We are bringing to your attention the translation of the following document distributed by the Israeli Labour Party, with our comments. (All emphases in the original):

The Israeli Labour Party/District of Tel-Aviv

The Department of Youth (HAMISHMERET-HATZ'IRA)
Internal, not for publication


For the purpose of enabling our party to have a predominant influence in The League for Human Rights, we are making a national operation of registration of new members.

This association is now under the rule of the people of the Israel Communist Party (Rakah), and we see it as a duty of the State to change this characteristic.

You are asked to fill up the questionnaire attached here and to bring it to the Club «Bustan,» Frug Str. No. 1, Tel-Aviv, not later than 14 of December 1972, which is the latest date for admitting new members, according to the decision of the Court.

The members who will register will be invited to a meeting for the election of representatives.

I hope that you will help in the success of this operation.


Before we comment on the whole of this extraordinary document, let us deal with five specific points:

  1. The Israeli Labour Party does not even pretend that it is concerned with Human and Civil Rights per se, neither does it expect from its members to be interested in this topic. Its main interest lies in having «a predominant influence.»
  2. It is a complete lie that The Israeli League for Human and Civil Rights is ruled by people of the Rakah Party. As a proof, the present chairman (since March, 1970), Dr. Israel Shahak, is neither a communist nor a socialist. While the League accepts people of all parties, it is our belief that the majority of the members of the League's Committee are not members of Rakah. We did not, nor will we ever, ask the individual members about their political beliefs, so long as they express commitment to the cause of Human Rights, as expressed in the U.N. Declaration of Human Rights (1949). In this, we do not behave like the Israeli Labour Party, which is interested in having «a predominant influence» only!
  3. Since the Israeli Labour Party declares itself that it sees in this «operation» (a revealing word from the military lexicon, rather unsuitable to Human Rights!) «a duty of the State» — a strong suspicion arises, that some authorities of the State of Israel had decided on this operation and had used the Israeli Labour Party only as a docile instrument. The most probable «authority» for deciding and ordering such an operation is the notorious «Shin-Bet» (the Israeli secret police).
  4. The decision of the Court was exactly the reverse. The judge, Mr. Lowenthal, had reiterated again and again that organized and fabricated «mass-joinings» are to be condemned.
  5. The bosses of the Israeli Labour Party have such small faith in their members, that they have to pay their expenses of membership dues. The whole dues are 10 Israeli Pounds a year! (less than two and a half dollars, a little less than one English pound).

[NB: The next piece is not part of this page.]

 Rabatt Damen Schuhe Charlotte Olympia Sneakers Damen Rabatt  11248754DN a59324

Apart from this, some comment on the document as a whole is needed:

We have here a shocking case of political corruption. Money of the Israeli Labour Party, which comes from donations free from income-tax, both inside Israeli and outside it, is used simply to pay for people to join an organization.

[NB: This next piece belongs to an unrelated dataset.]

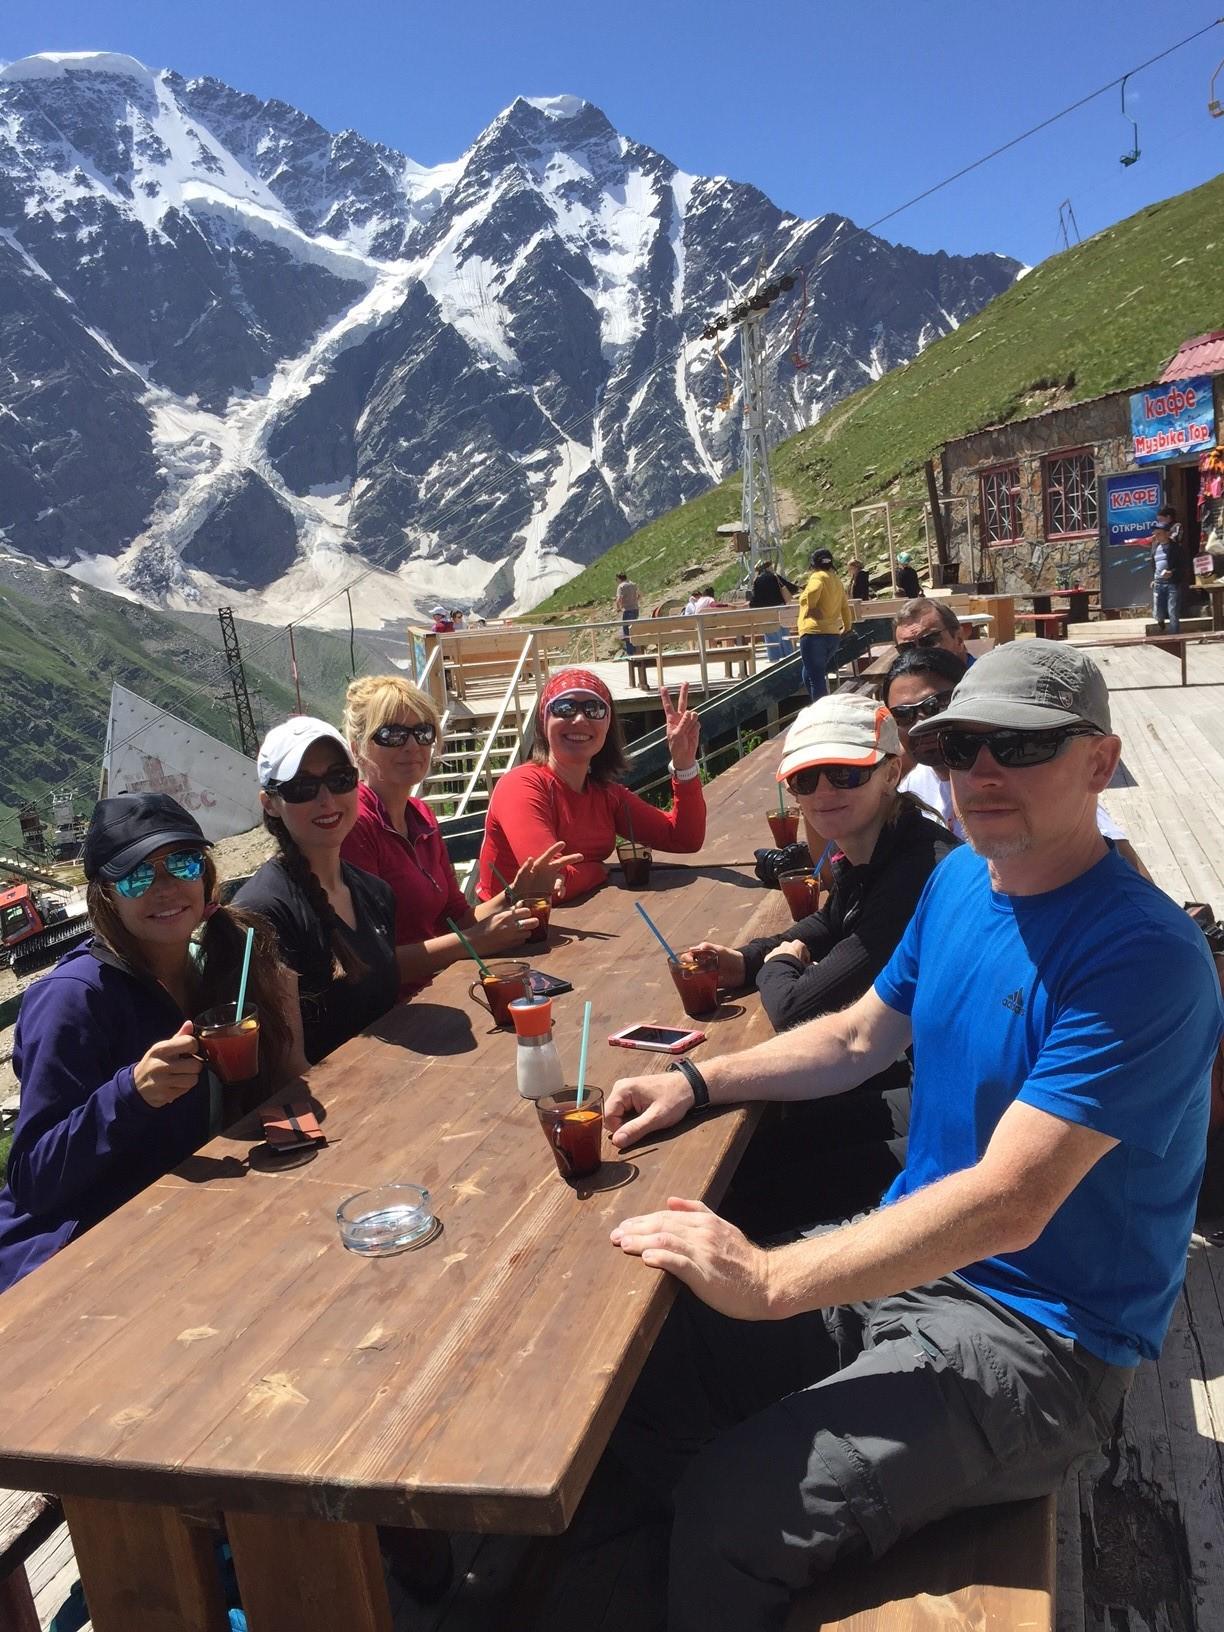 Elbrus team at Cheget ski area eating shashlik (Mike Hamill)

Secondly, we have here a complete subversion of the principle of free organization. People devoted to some principles have a complete right to associate together in order to propagate and support those principles, by all legal means. But if the ruling party of the State is allowed to hire people – with public money – in order to subvert and swamp each organization by a hired mob which is not interested at all, even pro-forma, in the principles of this organization, then the principle of free organization becomes nullified.

Thirdly, it is natural that people devoted to the struggle for Human and Civil Rights would struggle mainly, or perhaps only, against their own government. The Israel government, specially in those areas which affect the cause of Human Rights, is ruled completely, and, to all appearances, permanently by the Israeli Labour Party. To make a shameless claim for «a predominant influence» in the League for Human and Civil Rights, is tantamount to making a claim for a completely totalitarian rule, which would not be affected by the least voice of opposition and critique. It would mean that the same body will rule, judge, criticize, all in one. It will mean that the last feeble sparks of freedom and democracy in Israel will be extinguished.

We do not know how the situation will develop. We are determined to resist the commissaire of the Israeli Labour Party, with his thousands of hired and dishonest questionnaires. (The Israeli Labour Party has also falsified the questionnaire of membership of the Israeli League for Human and Civil Rights). We are determined, in any case, to continue in our work, to uphold the cause of Human Rights in Israel and the conquered territories, and to fight for each human being there who is persecuted and who suffers unjustly.

We ask all those who receive this publication to uphold our just cause, and to help us as much as they can – and specially in the publication of the above document.

(iv) Clarification (Israel League for Human and Civil Rights, December 14, 1972) [p. 192]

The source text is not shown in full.